Я видел: вскочили полсотни старух!

И скрылась нахальная рыба-петух.


Но долго носилось над пляжем:

«Мы щас тебя, гада, размажем!»


Утро перед отъездом


Светлячки фонарей заплясали в бассейне,

Ветка пальмы качнулась, нема и темна…

Как, должно быть, сейчас в моей роще осенней

Полыхает, съедая глаза, желтизна.


Как, должно быть, сейчас на пруду моем старом

Утки носятся шумно… С томленьем в душе

Покидаю Египет – и с темным загаром.

Вот и ветер попутный родился уже.


Скат и рыба


Висит над скатом рыба черная,

Встречая рифовый рассвет.

Она – поклонница покорная,

А он, конечно же, поэт.


Он белоснежный, в пятнах вычурных,

И своевольный… А она,

Как мириады обезличенных,

В мечты любви погружена.


Висит фанаткой безответною

Над повелителем своим

И плавниками воду светлую

Тихонько гладит по-над ним.


И, наслаждаясь этой ванною,

Он белой грудью давит дно…

Какая пара элегантная!

Но им расстаться суждено.


Не сможет скат беспечно спариться

С той, у которой жир в крови.

Не сможет рыба тихо стариться

С капризным чудищем любви.


Но смяты оба страстью хрупкою,

Не понимая ни аза…

Плыву я мимо в маске с трубкою

И солоны мои глаза.


Под белой яхтой


Беззлобно труня над моей сединой,

Бог моря послал приключенье:

Под белую яхту зеленой волной

Меня заносило теченье.


И винт под кормою вращался гребной,

Я видел: всё ближе темнел он…

И тут меня к борту швырнуло волной!

И взвыл я, зеленый на белом.


Схватившись рукою за мокрый канат,

Я буркнул обидчиво: «Ишь ты,

Всё шуточки шутишь… А впрочем, я рад,

Что вновь надо мною трунишь ты.


Ведь в семьдесят лет от гребного винта

Погибнуть средь Красного моря —

Не так уж и плохо.
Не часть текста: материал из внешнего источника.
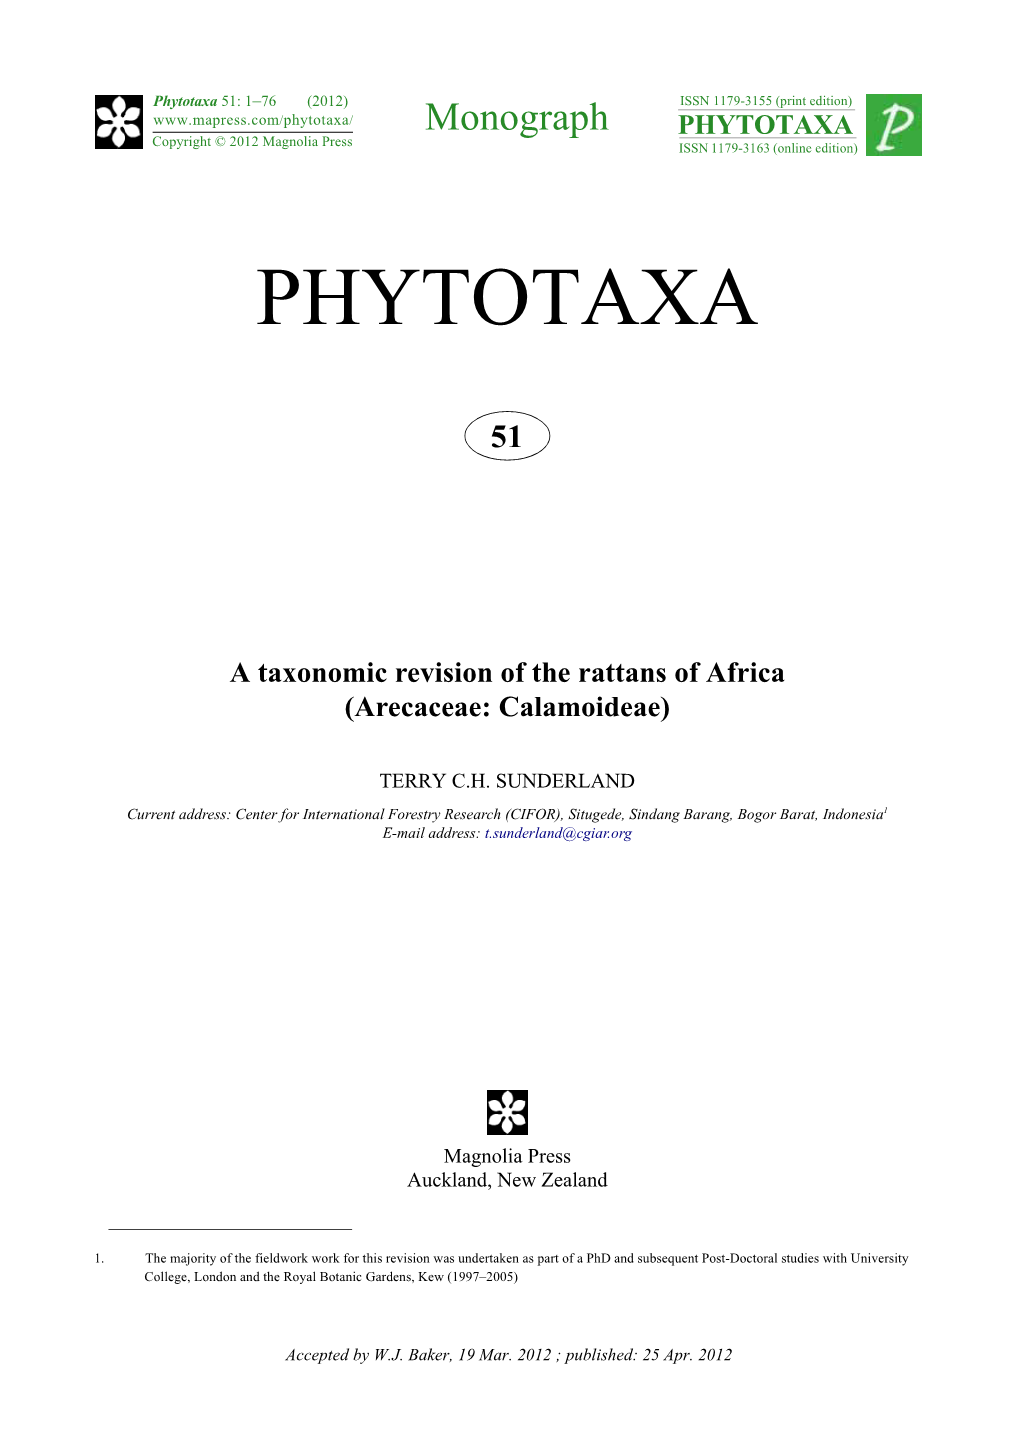 A Taxonomic Revision of the Rattans of Africa (Arecaceae: Calamoideae)

Не смерть, а мечта!»

И море молчало, не споря.


Забрался на борт я, и снова года

Поплыли, томя скукотою…

Быть может, слегка перегнул я тогда,

Назвав эту гибель мечтою?


А впрочем, и ныне всё кажется мне,

Что нет тут особого горя —

Под белою яхтой в зеленой волне

Погибнуть средь Красного моря.


Созерцание вечернего самолёта


Ты летишь высоко и мигаешь огнями,

Свой рокочущий гром обгоняя в пути…

Что-то общее, видимо, есть между нами,

Хоть металла во мне днем с огнем не найти.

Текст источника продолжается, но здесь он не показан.